Very nice. More that that, very special. I always look at every piece of firewood. I have found some very special pieces. Spalted Apple, spalted Box Elder and some others that I have not idea what they were. I have even found a small log with a real 5 point star in the center of the wood.

Firewood is a very good source of great wood projects. I seal them with anchor seal and allow them to dry first. I have made many things out of spalted wood and you can see them on my web site.


----------



## Daren (Oct 14, 2006)

Yea, I like spalted. I milled this spalted white oak a couple months ago. http://www.woodworkingtalk.com/f26/todays-load-6426/


----------



## JP Sinclair (Nov 13, 2006)

Nice stuff buddy - What is the dimension of that top?. That could make a cool bar stool seat or a clock face


----------



## steck (May 7, 2008)

that is a nice piece. i love the figuring.

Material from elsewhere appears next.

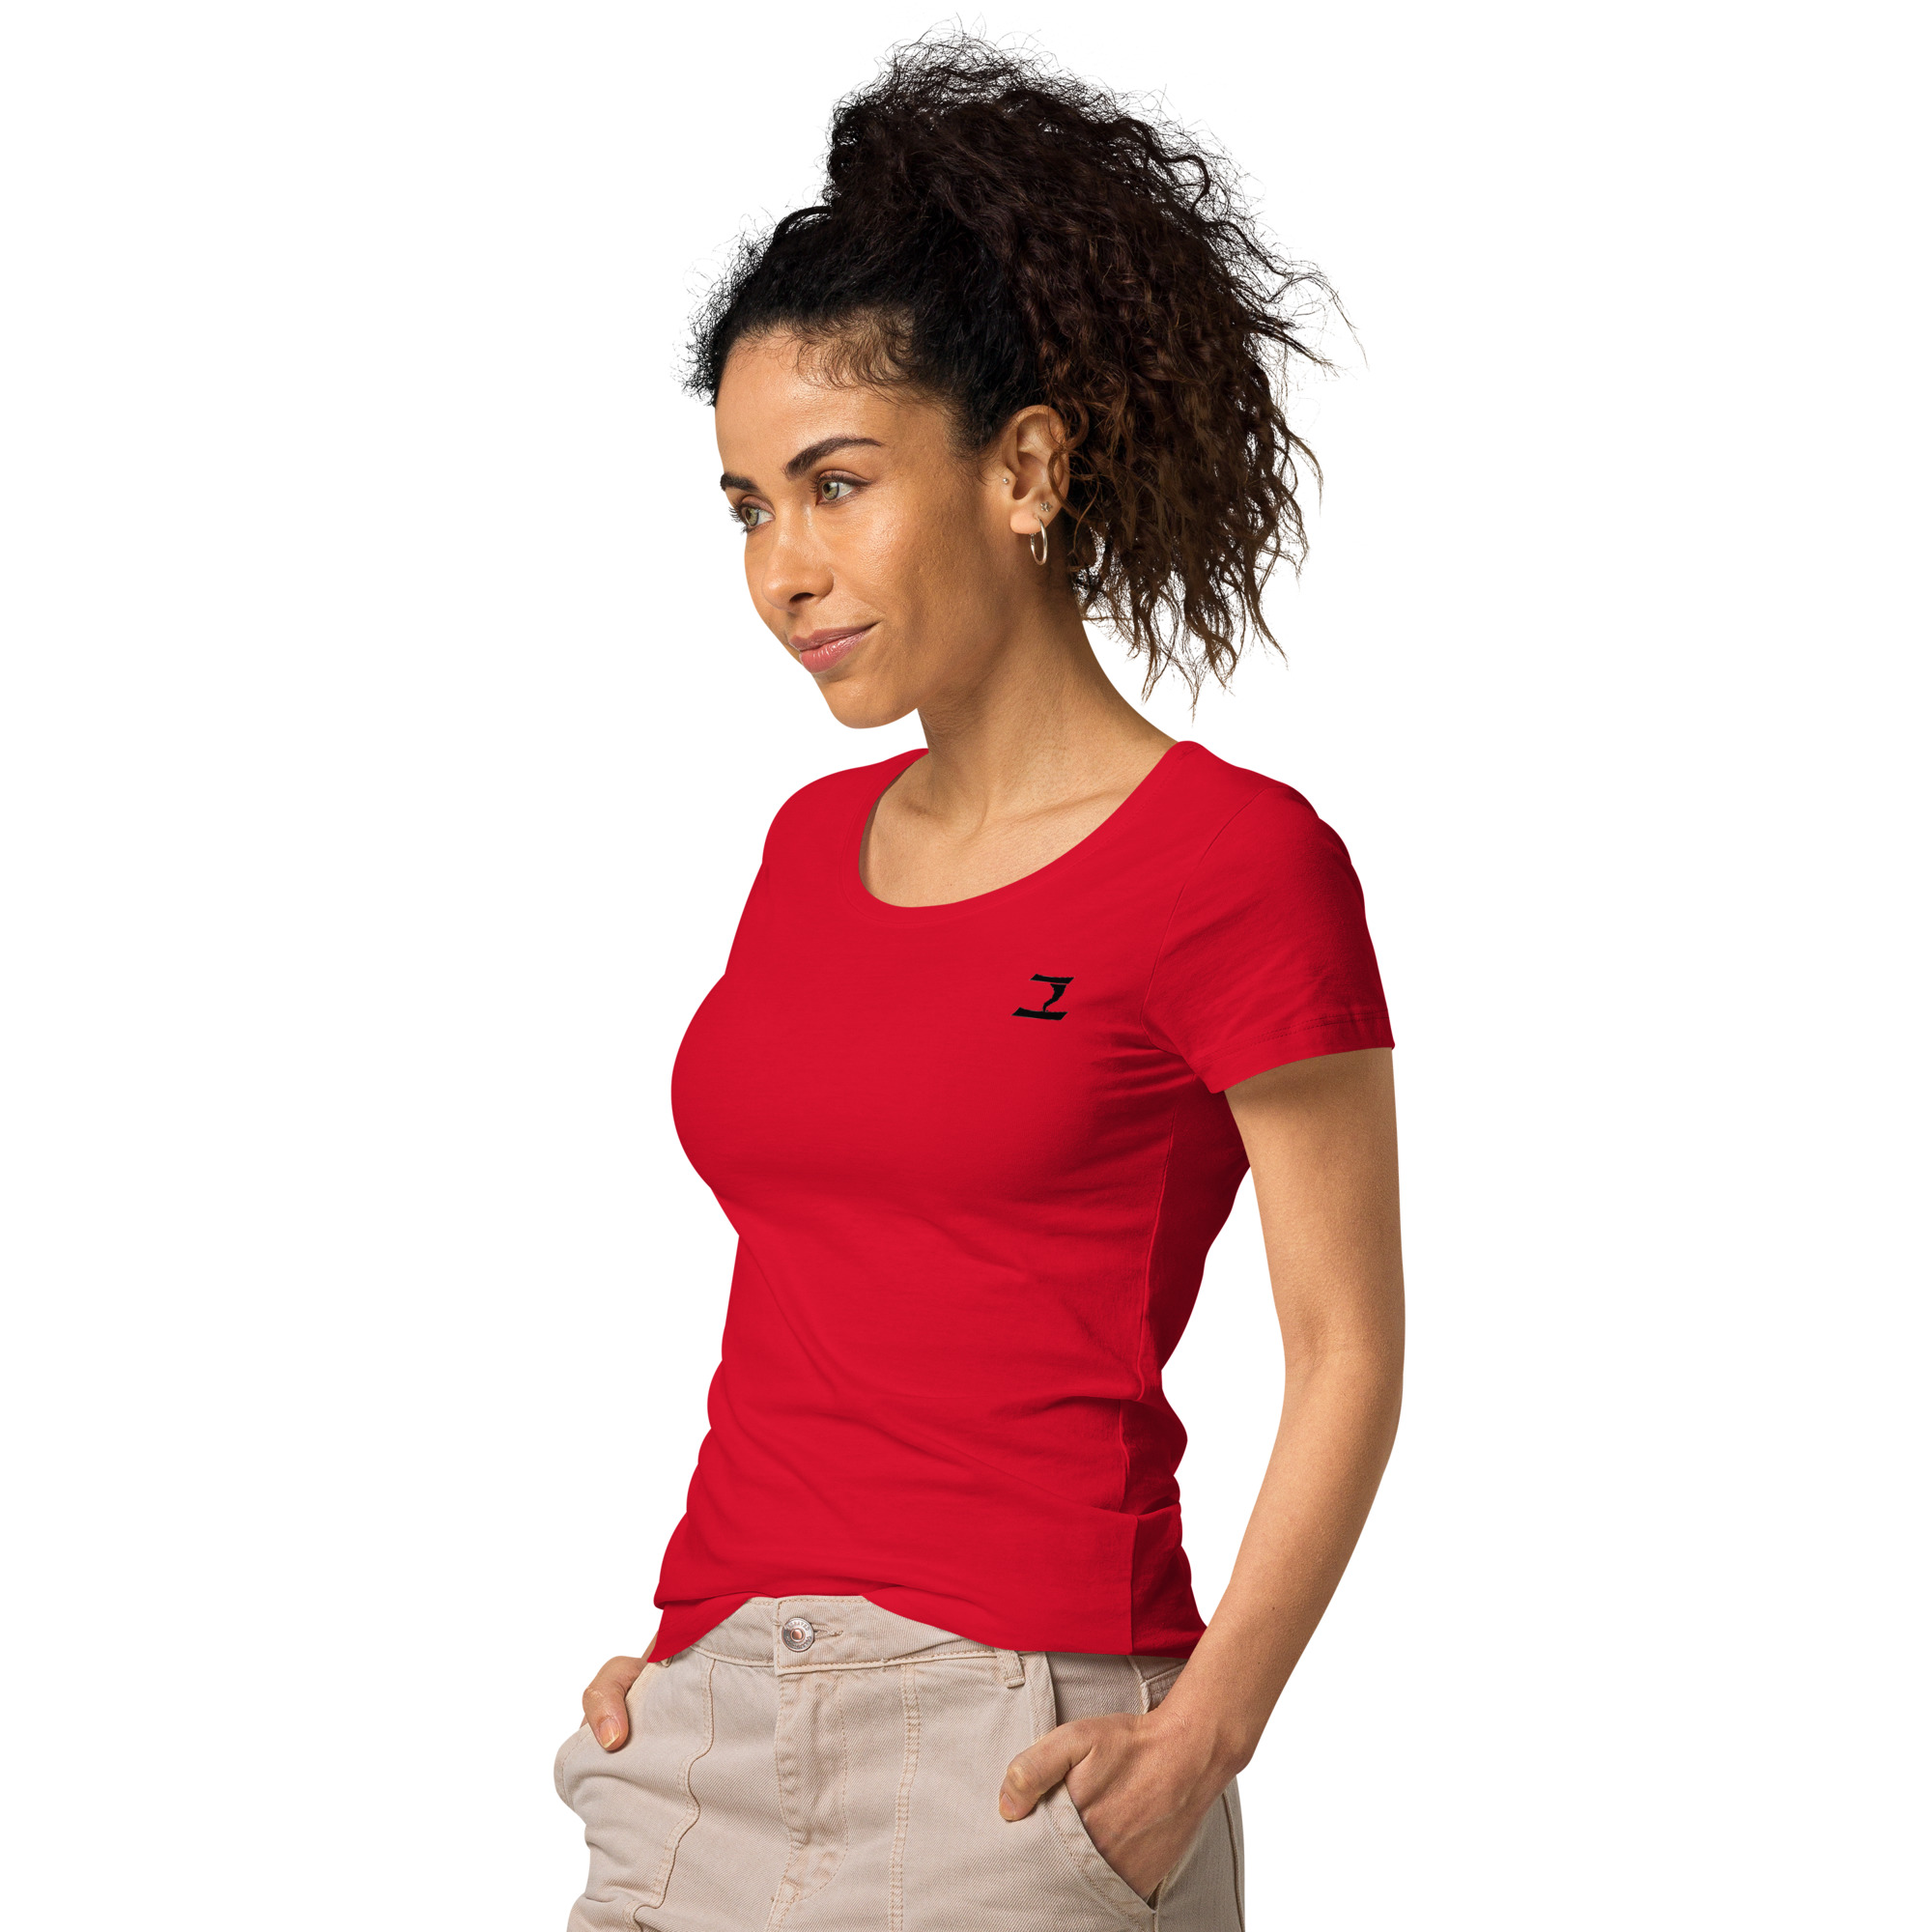 womens-basic-organic-t-shirt-red-left-front-63169537560a6.jpg

how did you join the legs to the top ?


----------



## Daren (Oct 14, 2006)

steck said:


> how did you join the legs to the top ?


I took a piece of walnut 1" thick X 3" wide and attached it across the full width of the legs (countersunk screws and glue, 2 screws per leg). Flipped the top over and just glued and screwed the whole deal to the bottom of the top.


----------